Zum Inhalt springen
Prevent Infect
SAA-REHA-040

Psychotherapeutische Gruppenangebote – Hygiene und Infektionsprävention

Letzte Prüfung
10.04.2026
Rechtsgrundlage
§ 36 Abs. 1 IfSG; KRINKO-Empfehlung Infektionsprävention in Rehabilitationseinrichtungen (Bundesgesundheitsblatt, August 2025); DGKH S2k-Leitlinie Händedesinfektion und Händehygiene (2023); WHO Guidelines on Hand Hygiene in Health Care (2009); ASR A3.6 Lüftung (BAUA, aktuelle Fassung); UBA-Leitfaden Gesundheitliche Bewertung von CO₂ in der Innenraumluft (2008); DGUV/IFA Bewertungsschema Raumluftqualität (2024)
01Zweck und Geltungsbereich

1. Zweck und Geltungsbereich

Diese Standard-Arbeitsanweisung (SAA) legt die hygienischen Mindestanforderungen für die Durchführung psychotherapeutischer Gruppenangebote in Ihre Einrichtung fest. Ziel ist die Prävention nosokomialer und einrichtungsassoziierter Infektionen sowie der Schutz von Rehabilitanden und therapeutischem Personal.

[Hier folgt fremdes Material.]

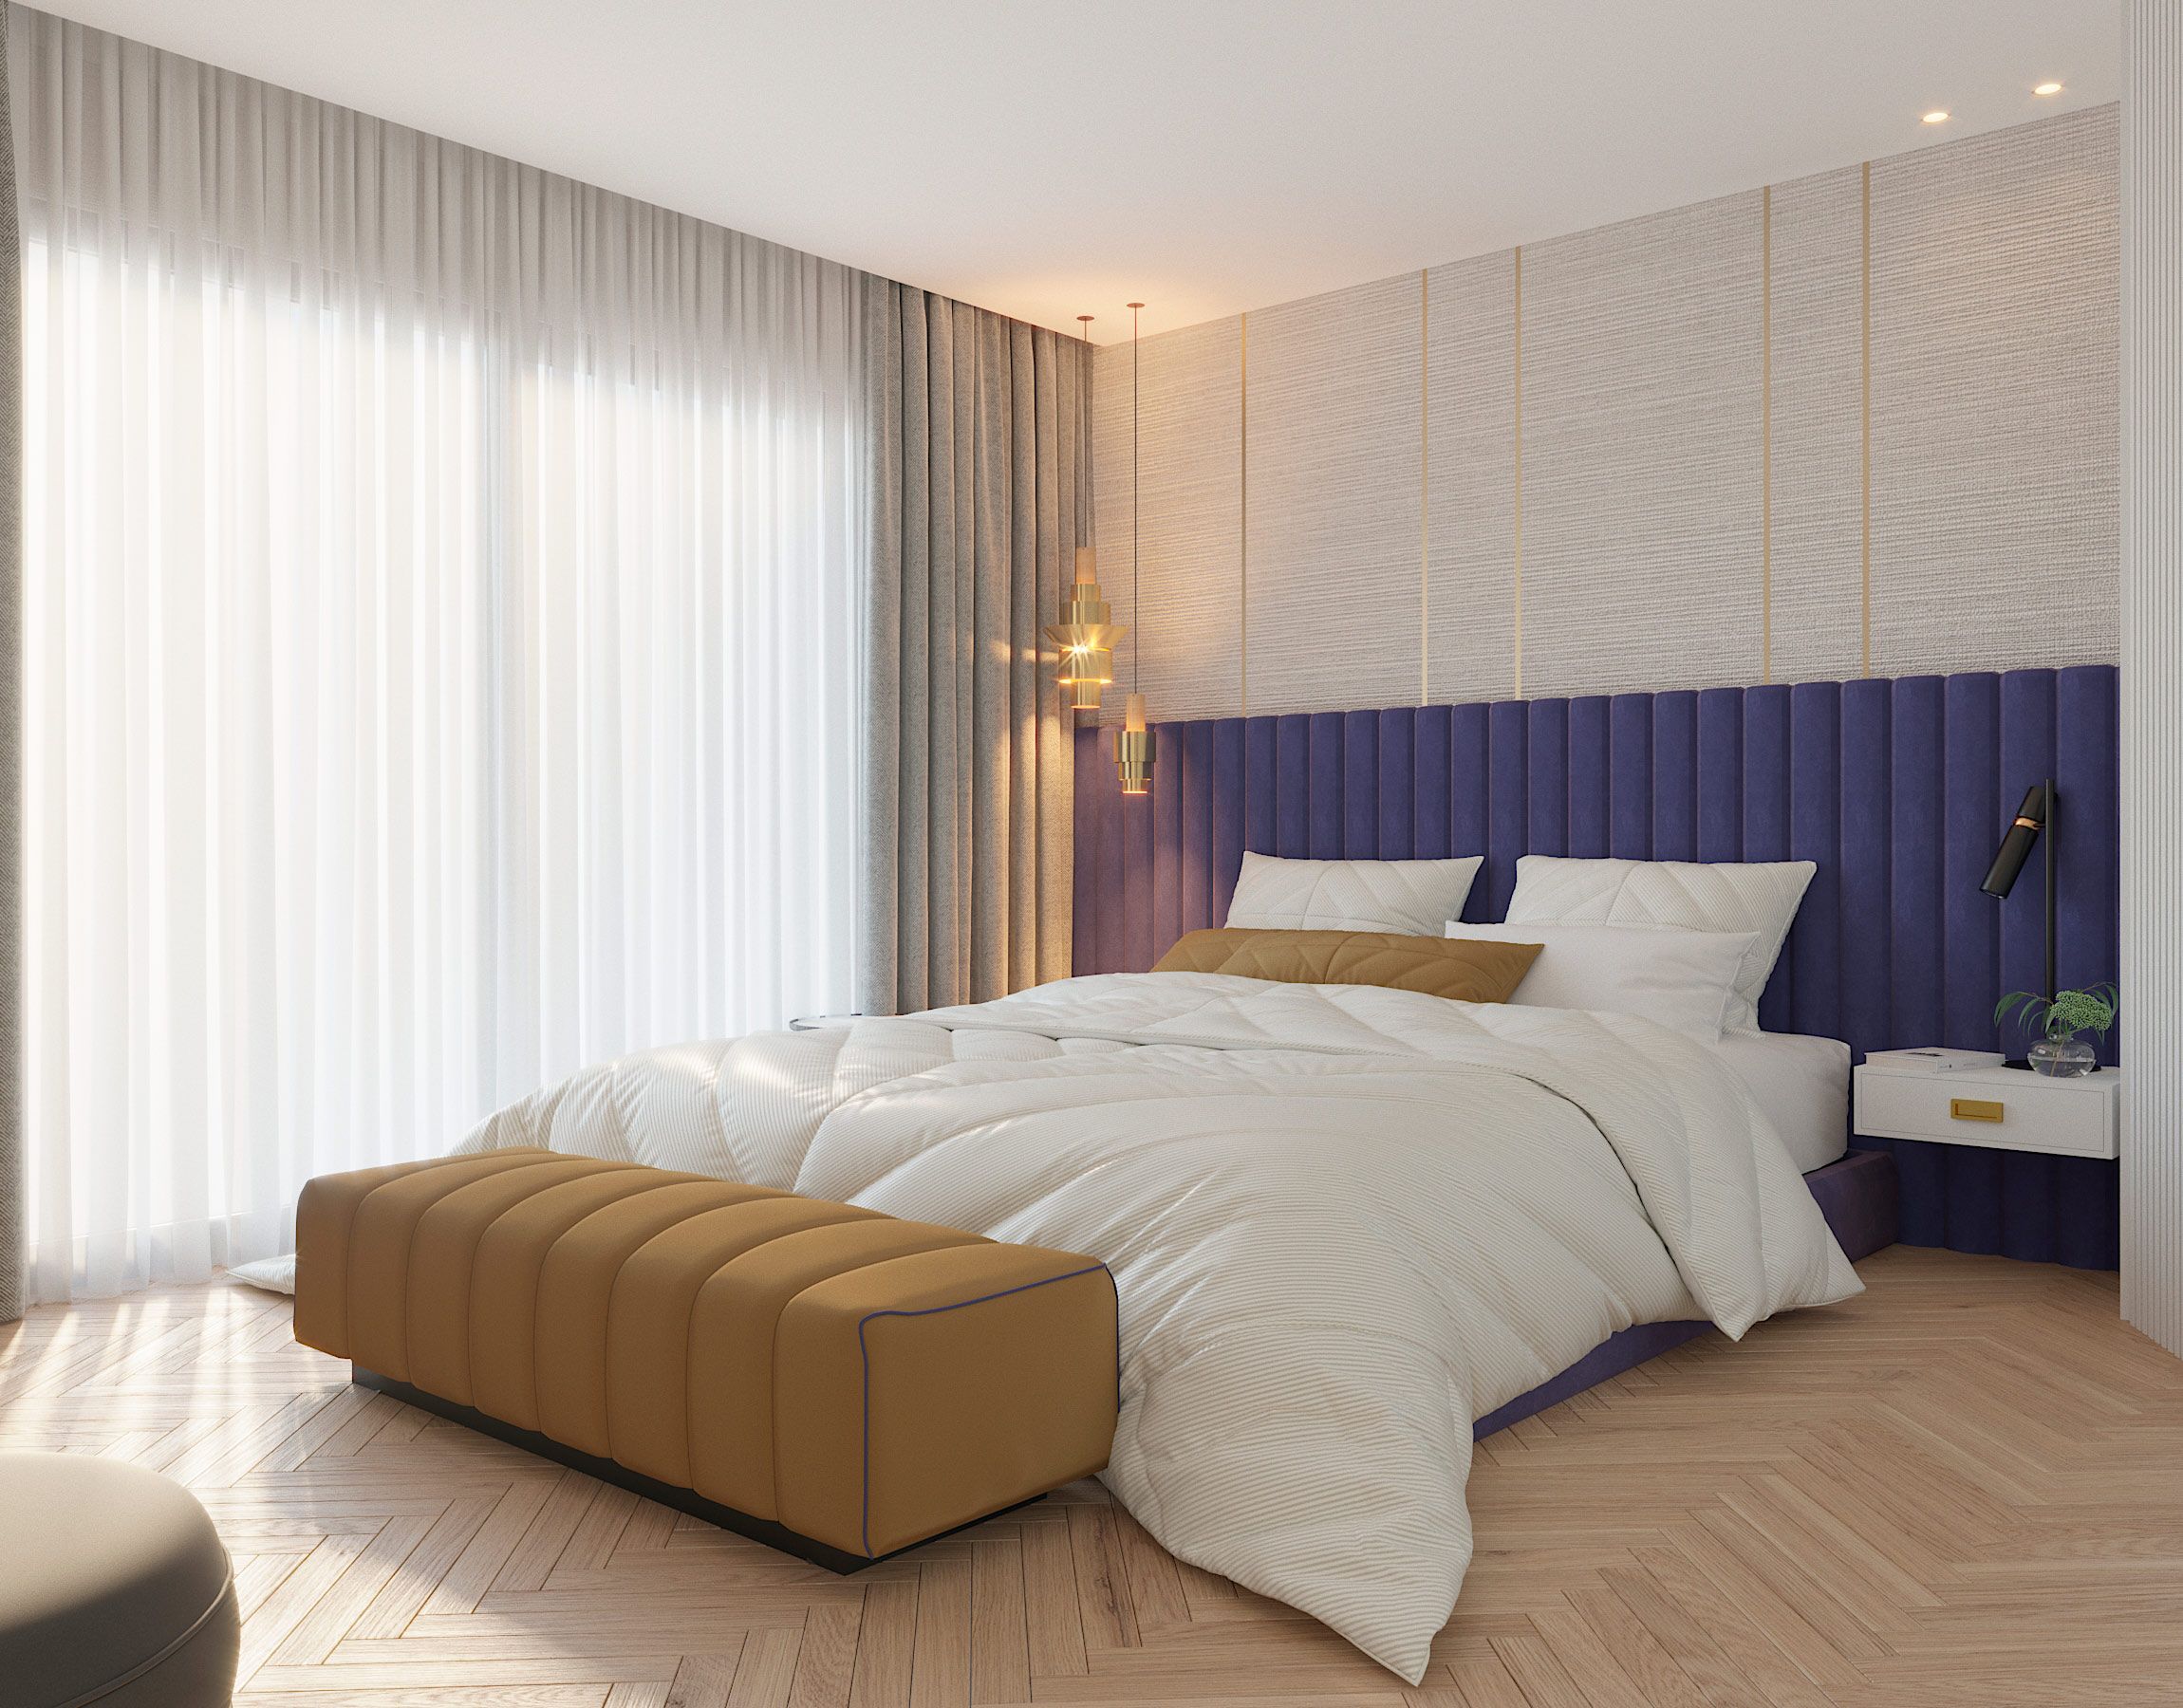 Dormitorios suite modernos

Die SAA gilt für alle psychotherapeutischen und psychoedukativen Gruppenformate (z. B. Gruppenpsychotherapie, Entspannungsgruppen, kreativ-therapeutische Angebote, Psychoedukation) und richtet sich an alle in der Gruppentherapie tätigen Berufsgruppen (Psychotherapeuten:innen, Co-Therapeuten:innen, Psycholog:innen, Ergotherapeut:innen sowie weitere therapeutische Fachkräfte mit entsprechenden Aufgaben).

02Raumhygiene

2. Raumhygiene

2.1 Lüftung

Ausreichende Raumluftqualität ist eine Grundvoraussetzung für Gruppenveranstaltungen in geschlossenen Räumen. Der CO₂-Gehalt der Raumluft gilt als Leitparameter der Luftqualität. Es gilt das Bewertungsschema des Umweltbundesamtes (UBA) und der DGUV/IFA:

  • < 800 ppm: Infektionsschutzniveau (DGUV-Zielwert) – optimale Raumluftqualität
  • < 1.000 ppm: hygienisch unbedenklich – keine weiteren Maßnahmen erforderlich
  • 1.000–2.000 ppm: hygienisch auffällig – Lüftungsmaßnahme sofort einleiten
  • > 2.000 ppm: hygienisch inakzeptabel – Sitzung ggf. unterbrechen, Raum vollständig durchlüften

Räume mit Fensterlüftung (Stoßlüftung):

  1. Vor Beginn jeder Sitzung: Stoßlüftung (alle Fenster und ggf. Türen gleichzeitig öffnen, Querlüftung bevorzugen) für mindestens 5 Minuten.
  2. Während der Sitzung: Kurzzeitlüftung alle 30–45 Minuten für 3–5 Minuten, oder bei Überschreitung von 1.000 ppm CO₂ (Trigger durch CO₂-Ampel empfohlen).
  3. Nach jeder Sitzung: erneute Stoßlüftung für mindestens 5 Minuten vor Eintreffen der nächsten Gruppe.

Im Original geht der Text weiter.